There’s a lot of nature visuals in the lyrics and in the music videos and there’s the mountains on the cover. Was that a theme that you went into the record thinking of?
HACKMAN: I didn’t go in thinking of it. But I think it’s there because it feels expansive and I’m always looking for like unifying, universal themes, and obviously nature, and then our own humanity and our own anatomical buildup and things like that, those are all unifying factors that we’re all familiar with. So they’re definitely topics that I sit back into quite a lot.
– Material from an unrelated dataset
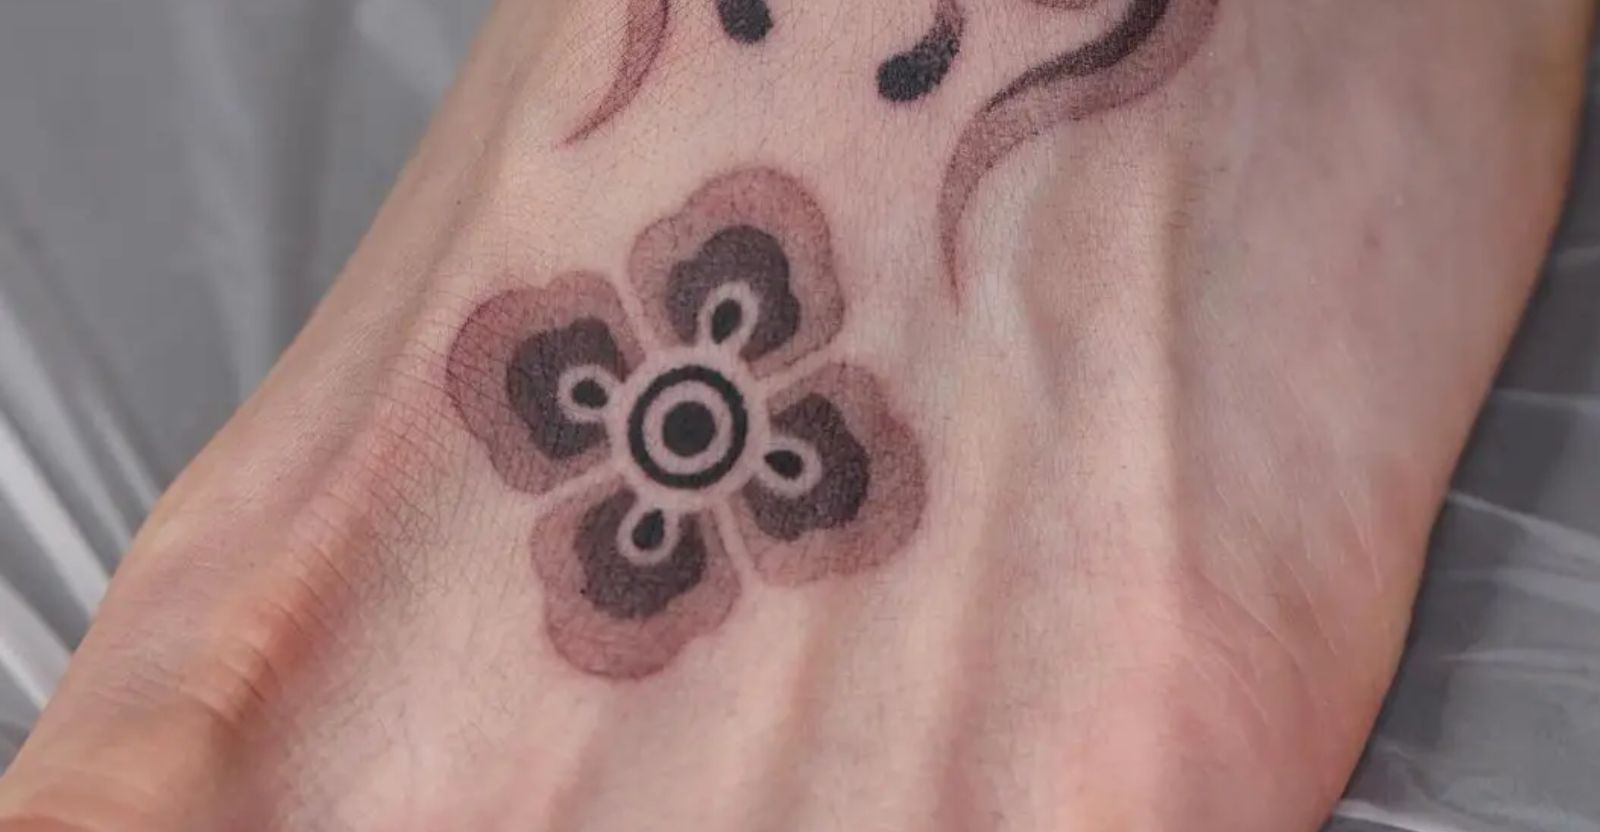 Lotus foot tattoo | Foot tattoos for women, Foot tattoos, Flower tattoo foot

Certainly with the cover, those mountains there — it’s all about context, this record, you create the space, so you can remove the space, so if you create a vastness in the eyeline and then you put a perceived ugly trolley right in the front of it, you’re kind of creating that sense of depth. And it’s the same sonically. You can make it feel massive and sprawling, and then you can just have me suddenly singing into a microphone really close, like up in your ear. Dynamics in that way are really fun to play with and also arresting.
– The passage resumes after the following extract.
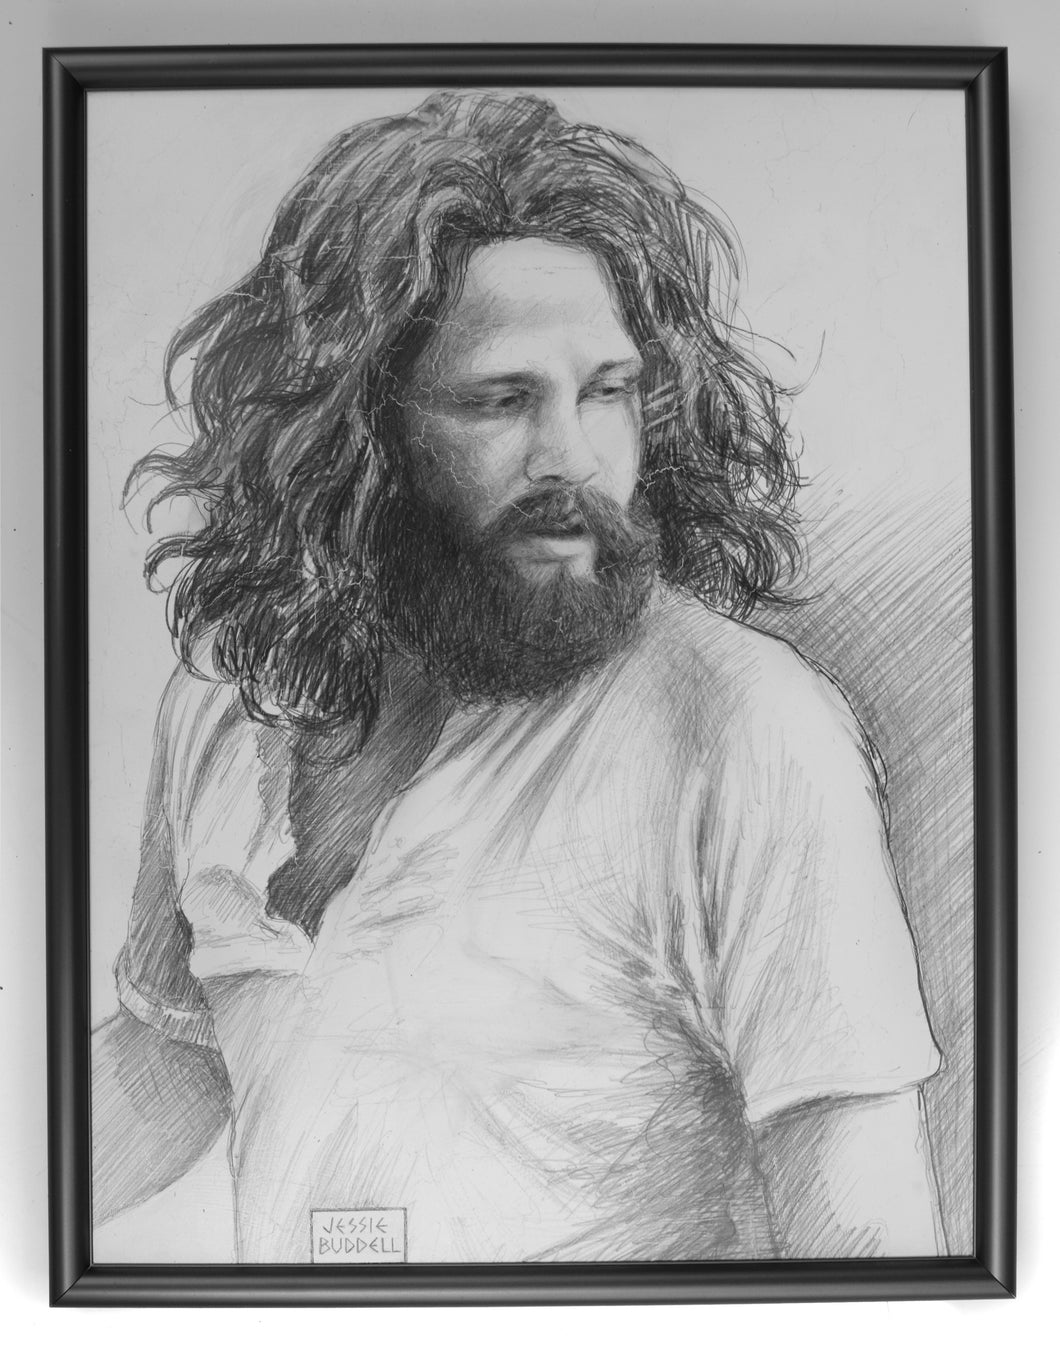 Jim Morrison sketch B

I wanted to ask more about the opening song. With all the strings it feels like the opening of a movie.
HACKMAN: That’s kind of how I wanted it to feel like I wrote that song. That song was written a year and a half before I even started writing the rest of the songs for the album. I was gonna try and turn it into a song and shoehorn that in and then I realized further down the line that I actually loved it how it was and there was no point pushing it. That was a big learning curve, because I think I’m always trying to force stuff into being a song because I love writing a perfect song. But actually having instrumentals now is such a relief going forward because I also love just coming up with what I think are beautiful melodies and to be able to just leave them without having to write lyrics on top of it or confuse things is a really exciting prospect.
Big Sigh is out 1/12 on Chrysalis Records.